Drugs online research references
Chir Forum Exp Klin Forsch. 1977 Apr;:235-9.
[Kidney preservation by mechanical perfusion and by hypothermic storage: a comparative study]
[Article in German]
Grundmann R, Eichmann J, Strumper R, Pichlmaier H.
72 dog kidneys were stored under hypothermia as described by COLLINS and SACKS between 24 and 72 hrs and then transplanted. The immediate function of the kidneys was measured by PAH and inulin clearances. 24 hrs proved to be the maximum safe preservation time with both methods. The immediate function of the kidneys stored under hypothermia could not be improved by the addition of furosemide to the flushing solution. These results were compared with those gained by mechanical perfusion of the organ: kidney function after 72 hrs of hypothermic mechanical perfusion was significantly better than after 24 hrs of hypothermic storage.

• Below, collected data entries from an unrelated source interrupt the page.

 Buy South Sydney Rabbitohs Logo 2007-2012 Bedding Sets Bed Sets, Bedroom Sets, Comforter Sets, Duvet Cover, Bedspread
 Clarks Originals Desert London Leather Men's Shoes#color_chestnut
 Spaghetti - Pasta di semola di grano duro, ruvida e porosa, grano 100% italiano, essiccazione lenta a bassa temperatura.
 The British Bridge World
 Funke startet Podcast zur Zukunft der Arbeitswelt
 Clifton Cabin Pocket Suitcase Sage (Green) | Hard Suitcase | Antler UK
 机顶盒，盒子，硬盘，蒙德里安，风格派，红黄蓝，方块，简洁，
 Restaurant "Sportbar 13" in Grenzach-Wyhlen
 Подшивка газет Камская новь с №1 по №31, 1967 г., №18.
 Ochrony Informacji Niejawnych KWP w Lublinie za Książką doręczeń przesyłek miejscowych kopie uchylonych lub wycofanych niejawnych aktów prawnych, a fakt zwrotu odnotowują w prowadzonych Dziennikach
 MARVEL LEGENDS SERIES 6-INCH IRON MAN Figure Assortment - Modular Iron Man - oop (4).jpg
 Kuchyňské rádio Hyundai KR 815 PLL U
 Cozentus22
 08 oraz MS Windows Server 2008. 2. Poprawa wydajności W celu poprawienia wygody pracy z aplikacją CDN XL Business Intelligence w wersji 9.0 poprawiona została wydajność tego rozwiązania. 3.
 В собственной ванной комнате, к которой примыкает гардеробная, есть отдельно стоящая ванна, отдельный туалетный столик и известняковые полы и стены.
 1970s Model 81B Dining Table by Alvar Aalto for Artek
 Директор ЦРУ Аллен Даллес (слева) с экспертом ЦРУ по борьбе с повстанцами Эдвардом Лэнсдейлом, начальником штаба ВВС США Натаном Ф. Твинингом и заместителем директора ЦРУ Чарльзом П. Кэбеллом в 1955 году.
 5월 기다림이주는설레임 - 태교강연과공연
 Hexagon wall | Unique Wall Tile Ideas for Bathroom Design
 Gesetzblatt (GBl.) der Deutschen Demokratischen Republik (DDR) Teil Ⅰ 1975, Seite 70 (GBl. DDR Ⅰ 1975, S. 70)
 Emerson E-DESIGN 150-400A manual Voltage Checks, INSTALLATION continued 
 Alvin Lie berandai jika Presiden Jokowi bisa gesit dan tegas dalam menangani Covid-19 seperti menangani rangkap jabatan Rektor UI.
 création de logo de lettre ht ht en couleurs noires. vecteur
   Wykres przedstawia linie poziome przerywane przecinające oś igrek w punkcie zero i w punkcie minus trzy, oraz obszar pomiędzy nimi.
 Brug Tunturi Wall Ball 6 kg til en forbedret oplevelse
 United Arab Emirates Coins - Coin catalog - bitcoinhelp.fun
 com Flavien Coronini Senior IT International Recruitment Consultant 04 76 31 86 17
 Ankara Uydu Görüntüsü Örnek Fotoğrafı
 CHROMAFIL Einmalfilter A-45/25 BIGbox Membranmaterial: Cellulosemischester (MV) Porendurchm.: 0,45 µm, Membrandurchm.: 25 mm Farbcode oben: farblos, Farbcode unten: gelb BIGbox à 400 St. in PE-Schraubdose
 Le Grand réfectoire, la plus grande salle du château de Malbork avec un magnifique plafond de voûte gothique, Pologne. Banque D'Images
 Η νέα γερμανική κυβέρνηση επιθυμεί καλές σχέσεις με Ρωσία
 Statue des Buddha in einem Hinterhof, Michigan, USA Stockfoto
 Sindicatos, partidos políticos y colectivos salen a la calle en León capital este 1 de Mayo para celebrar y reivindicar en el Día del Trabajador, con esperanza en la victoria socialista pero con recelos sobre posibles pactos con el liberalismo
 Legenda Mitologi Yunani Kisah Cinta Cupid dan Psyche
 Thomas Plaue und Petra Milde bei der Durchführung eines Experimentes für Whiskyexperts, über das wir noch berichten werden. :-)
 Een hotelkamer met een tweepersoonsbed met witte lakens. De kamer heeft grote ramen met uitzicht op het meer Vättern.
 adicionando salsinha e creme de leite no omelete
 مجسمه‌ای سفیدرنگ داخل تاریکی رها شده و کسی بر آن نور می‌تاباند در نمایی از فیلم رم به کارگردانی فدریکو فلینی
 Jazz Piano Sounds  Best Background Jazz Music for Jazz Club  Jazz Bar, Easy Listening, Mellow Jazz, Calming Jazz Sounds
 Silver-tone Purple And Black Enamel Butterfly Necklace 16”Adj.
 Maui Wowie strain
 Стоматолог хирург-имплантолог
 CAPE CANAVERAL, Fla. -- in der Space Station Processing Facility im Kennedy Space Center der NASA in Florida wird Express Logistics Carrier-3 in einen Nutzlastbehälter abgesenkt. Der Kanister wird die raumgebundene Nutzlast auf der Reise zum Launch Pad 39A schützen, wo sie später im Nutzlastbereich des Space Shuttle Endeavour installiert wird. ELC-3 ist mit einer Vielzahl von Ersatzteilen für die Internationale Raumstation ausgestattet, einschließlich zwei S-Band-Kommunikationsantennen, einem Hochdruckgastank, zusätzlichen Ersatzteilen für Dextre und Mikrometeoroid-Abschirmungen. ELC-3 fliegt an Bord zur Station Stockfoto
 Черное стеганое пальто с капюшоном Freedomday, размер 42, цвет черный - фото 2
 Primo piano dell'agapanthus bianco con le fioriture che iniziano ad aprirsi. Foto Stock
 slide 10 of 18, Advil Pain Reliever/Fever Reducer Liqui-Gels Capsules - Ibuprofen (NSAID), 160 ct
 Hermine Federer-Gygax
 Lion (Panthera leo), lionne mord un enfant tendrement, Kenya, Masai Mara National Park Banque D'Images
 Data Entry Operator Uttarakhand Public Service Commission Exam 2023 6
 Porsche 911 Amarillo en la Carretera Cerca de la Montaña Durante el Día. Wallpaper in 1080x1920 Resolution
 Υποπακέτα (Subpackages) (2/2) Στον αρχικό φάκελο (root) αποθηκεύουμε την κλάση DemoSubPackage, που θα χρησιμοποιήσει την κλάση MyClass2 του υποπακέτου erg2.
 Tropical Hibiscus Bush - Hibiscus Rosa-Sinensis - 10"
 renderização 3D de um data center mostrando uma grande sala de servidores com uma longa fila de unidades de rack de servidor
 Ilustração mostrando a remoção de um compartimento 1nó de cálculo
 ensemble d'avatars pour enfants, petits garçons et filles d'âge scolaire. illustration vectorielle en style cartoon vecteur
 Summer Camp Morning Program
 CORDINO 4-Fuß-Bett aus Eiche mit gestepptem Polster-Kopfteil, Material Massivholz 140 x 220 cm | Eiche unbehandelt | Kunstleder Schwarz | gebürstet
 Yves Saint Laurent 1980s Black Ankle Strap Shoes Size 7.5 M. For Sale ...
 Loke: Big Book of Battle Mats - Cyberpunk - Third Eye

online pharmacy ref source: www.ncbi.nlm.nih.gov/entrez/query.fcgi?cmd=Retrieve&db=PubMed&list_uids=618309&dopt=Abstract
J Pharmacol Exp Ther. 1993 Jul;266(1):33-40.
Effects of angiotensin-converting enzyme inhibition on renal adaptations to acute furosemide administration in conscious rats.
Bak M, Shalmi M, Petersen JS, Poulsen LB, Christensen S.
Department of Pharmacology, University of Copenhagen, Denmark.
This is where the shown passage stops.